In July-September, fresh investment proposals rose 67.2% in terms of new projects, and by 107.1% in terms of project investments on a quarter-on-quarter basis, according to data from Projects Today. In all, 2,219 new projects entailing a total investment of 2.19 trillion were announced in Q2, rising from 1,327 new projects worth 1.05 trillion in Q1.

A particular bright spot for listed EPC firms has been awarding of contracts for national highways. NHAI has awarded 1,330km of highways in the fiscal first half, which was 1.6 times FY20 and 3.5 times FY19 levels. For the awarded projects, NHAI has already completed at least 80% of the land acquisition. NHAI has set a target of awarding 4,500km of projects during FY21.

NHAI has also used digital banking to disburse about 10,000 crore to contractors, boosting their cash flows. It has also set up a dispute resolution board for speedy resolution while the projects are in progress.

NHAI has also made changes to the concession agreement on hybrid annuity projects, linking annuity payments to bank lending rates.

Credit ratings agency Icra said in a report last month that the Union government will maintain its pace of infrastructure spending, given its positive multiplier effect on the overall economy.

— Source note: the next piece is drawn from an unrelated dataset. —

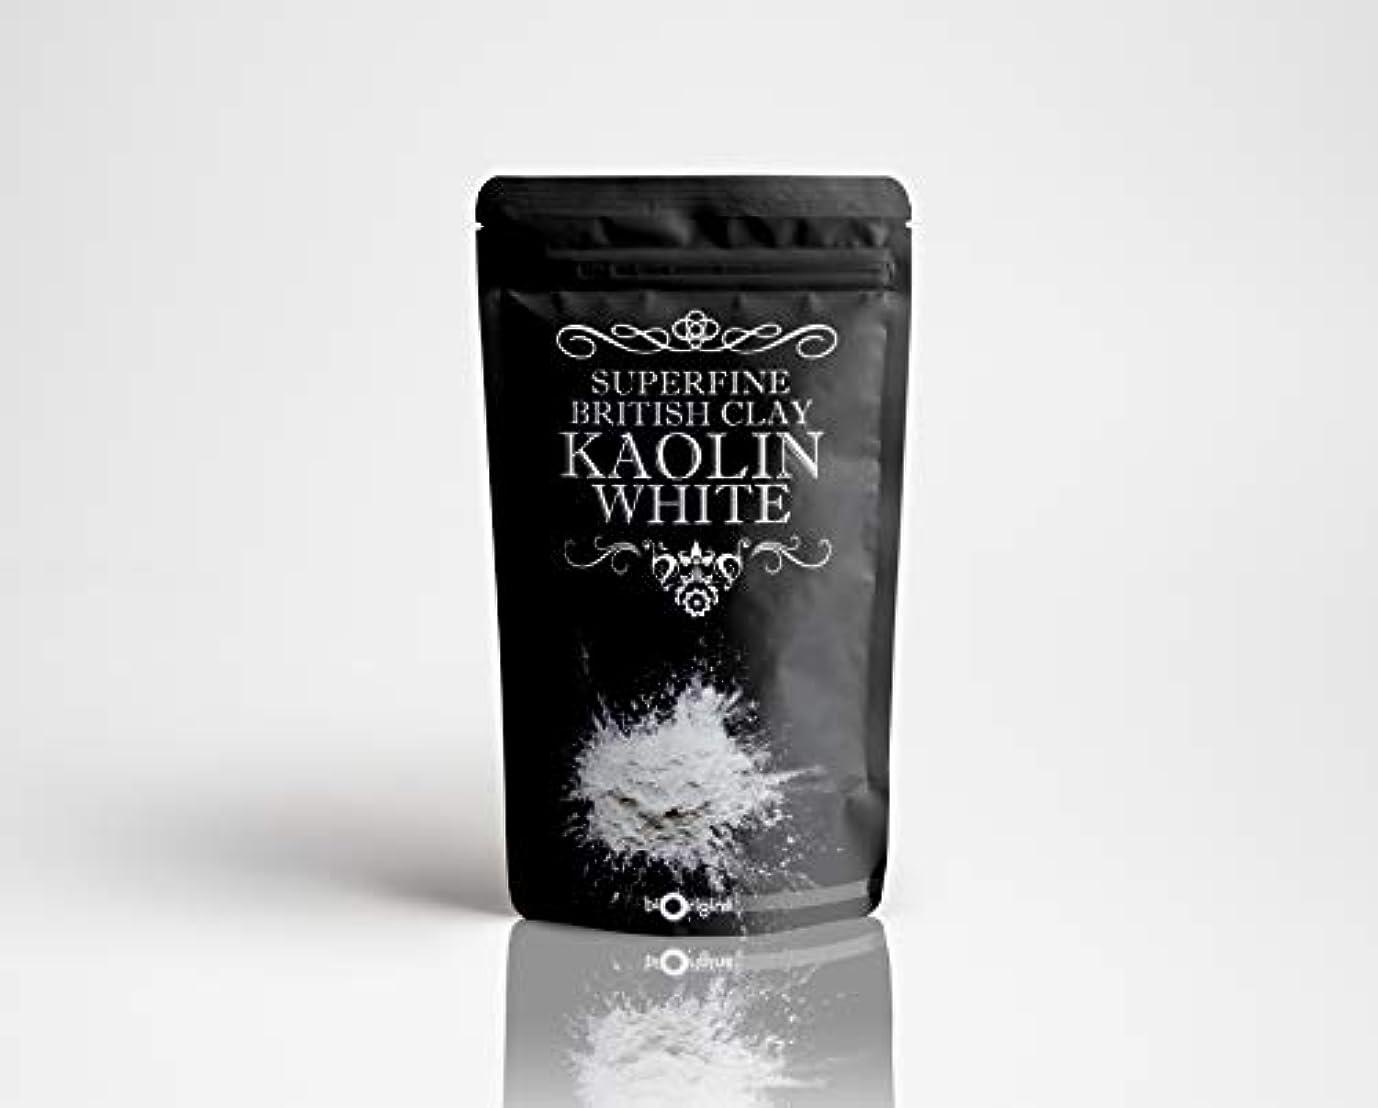 クスコ眠っている高くKaolin White Superfine British Clay - 100g

“The states in particular are staring at a huge revenue deficit in the current financial year and, therefore, the headroom available to them for incurring capital expenditure has reduced substantially. The private sector capex and the interest in public private partnership-based infrastructure projects is also expected to be limited in the near term due to increased risk averseness and limited capital availability. As a result, EPC projects in roads and rail are expected to witness heightened competition."